BRIEF: In the records below, find the line with "Helvetica Now Pro Text Medium Italic image" and the line with "D130128 Denckermann rótula". Print both exactly, along with every line between them, and no other line.

MATERIAL SUPPLIED:
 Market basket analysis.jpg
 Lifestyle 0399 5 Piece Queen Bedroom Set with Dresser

...

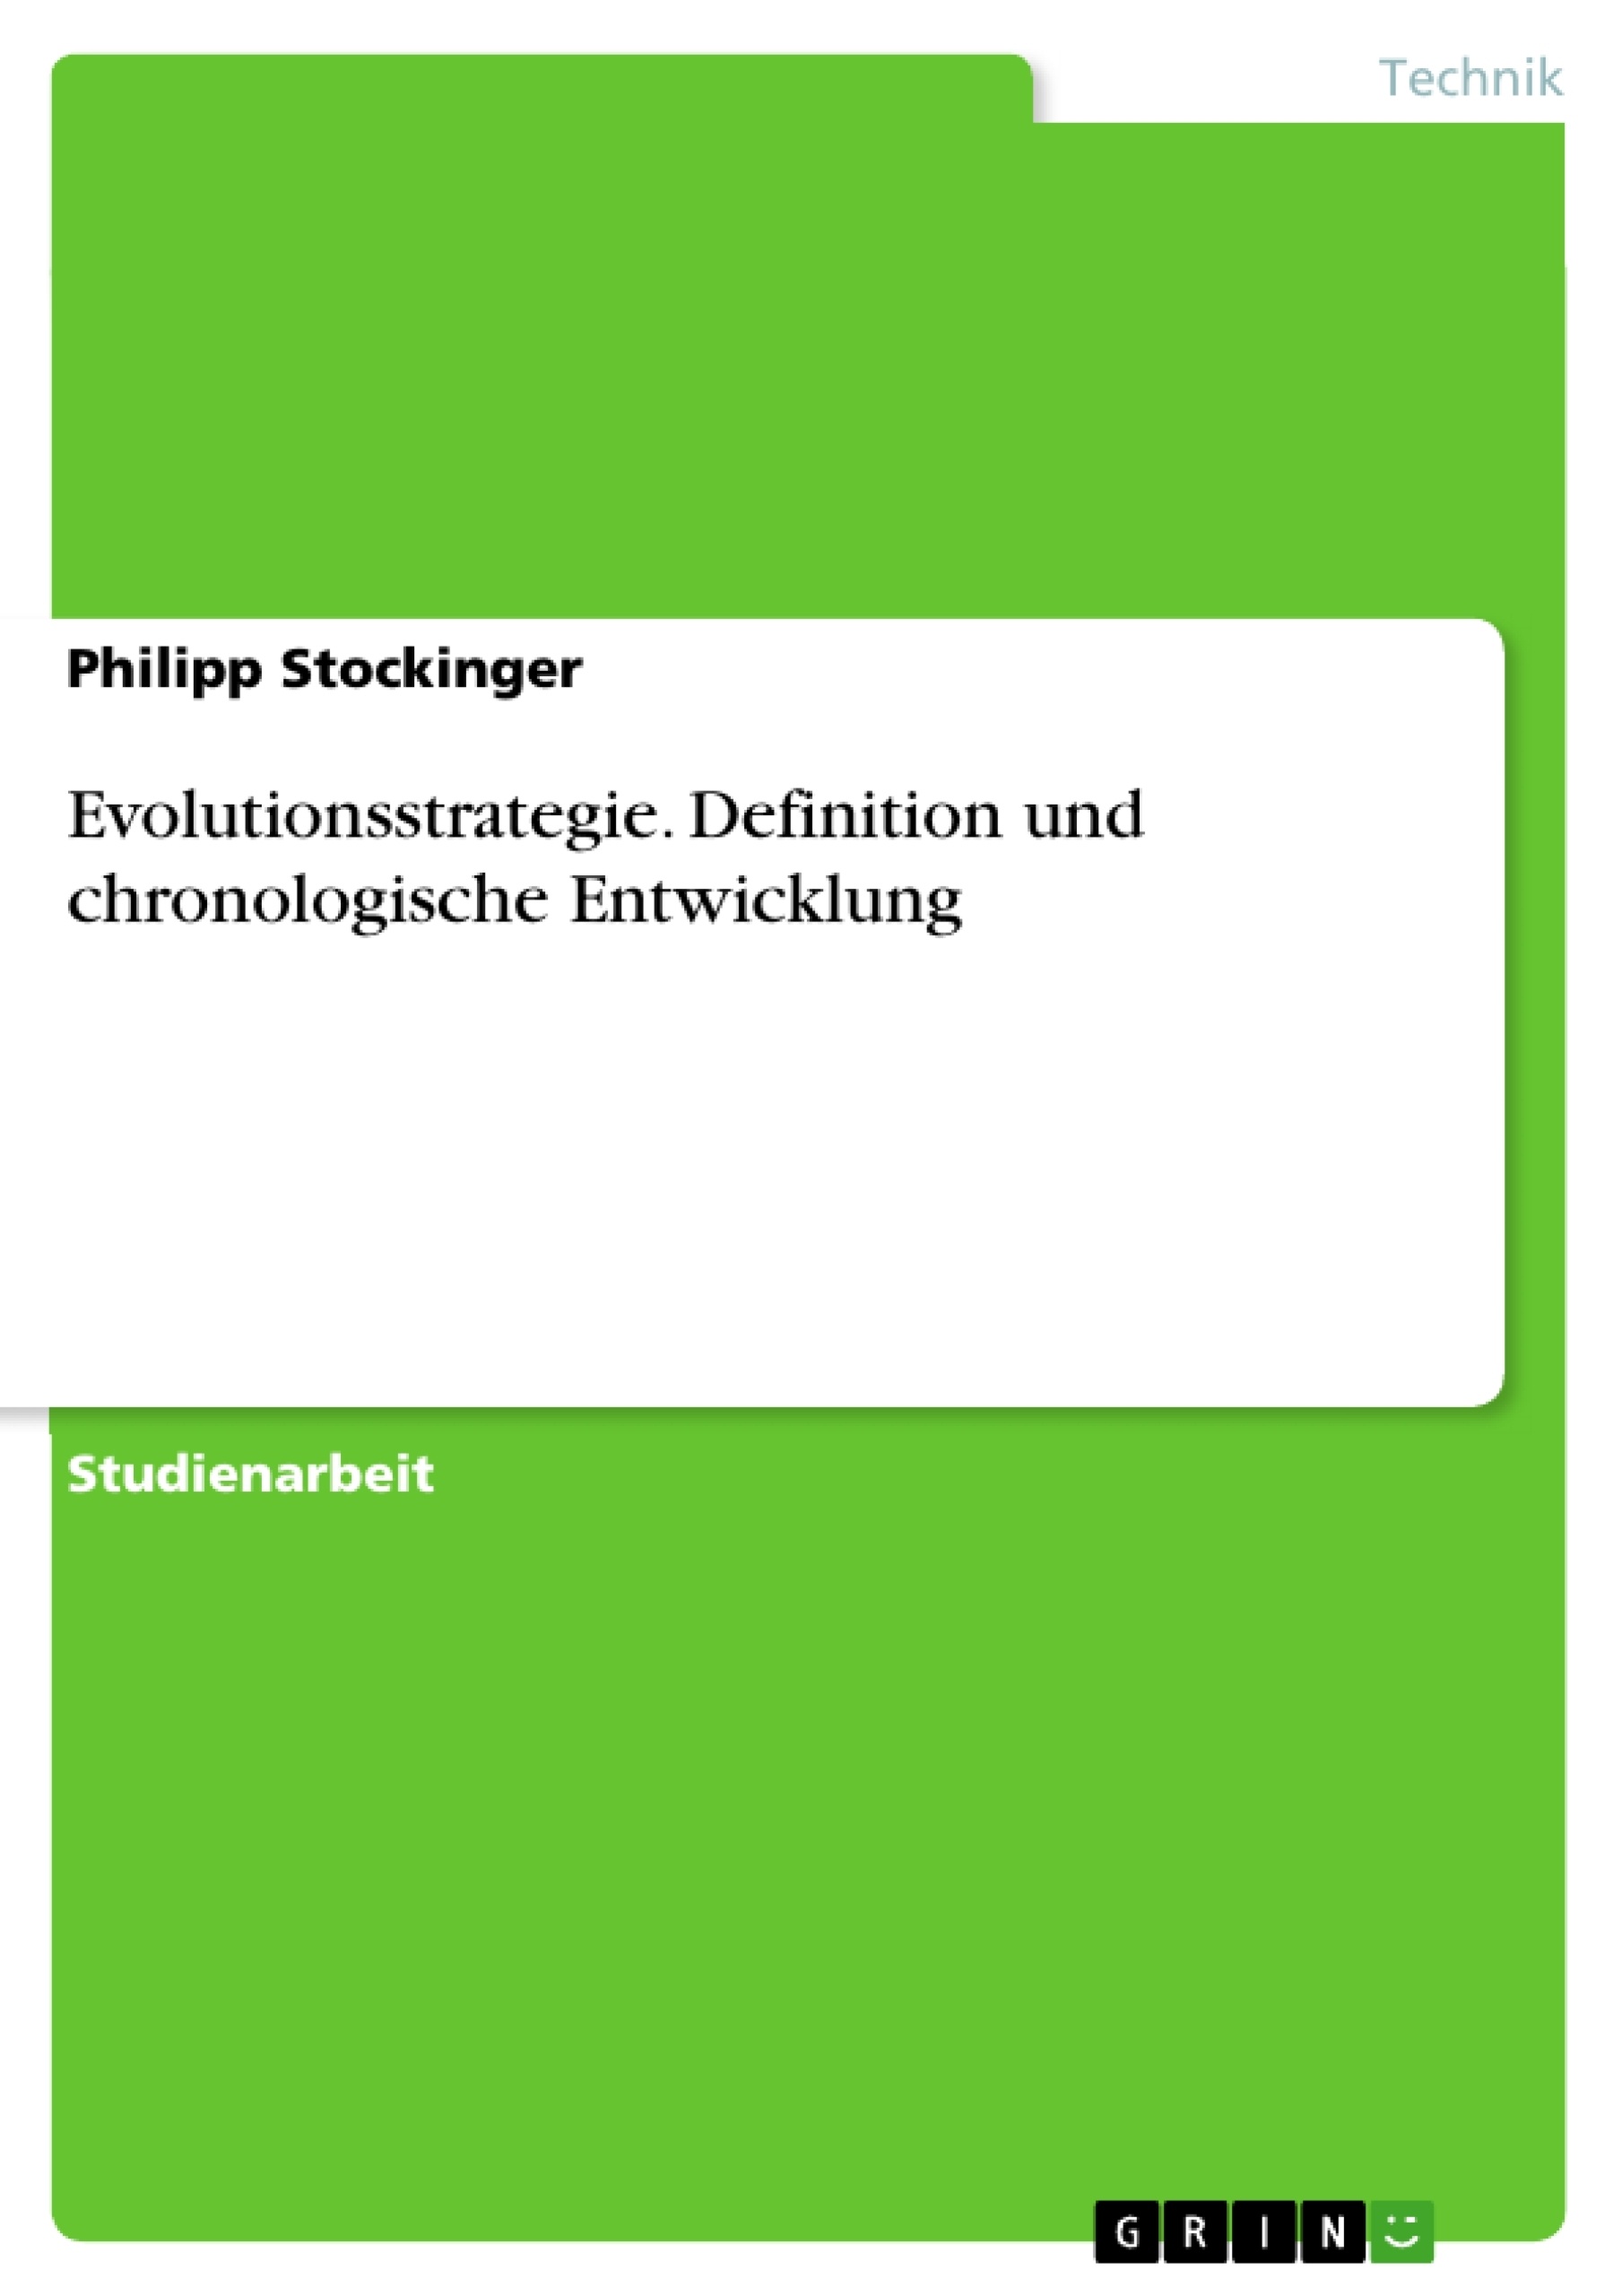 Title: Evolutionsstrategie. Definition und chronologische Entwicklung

==

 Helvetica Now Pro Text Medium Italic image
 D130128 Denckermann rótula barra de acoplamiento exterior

YOUR SOLUTION:
 Helvetica Now Pro Text Medium Italic image
 D130128 Denckermann rótula barra de acoplamiento exterior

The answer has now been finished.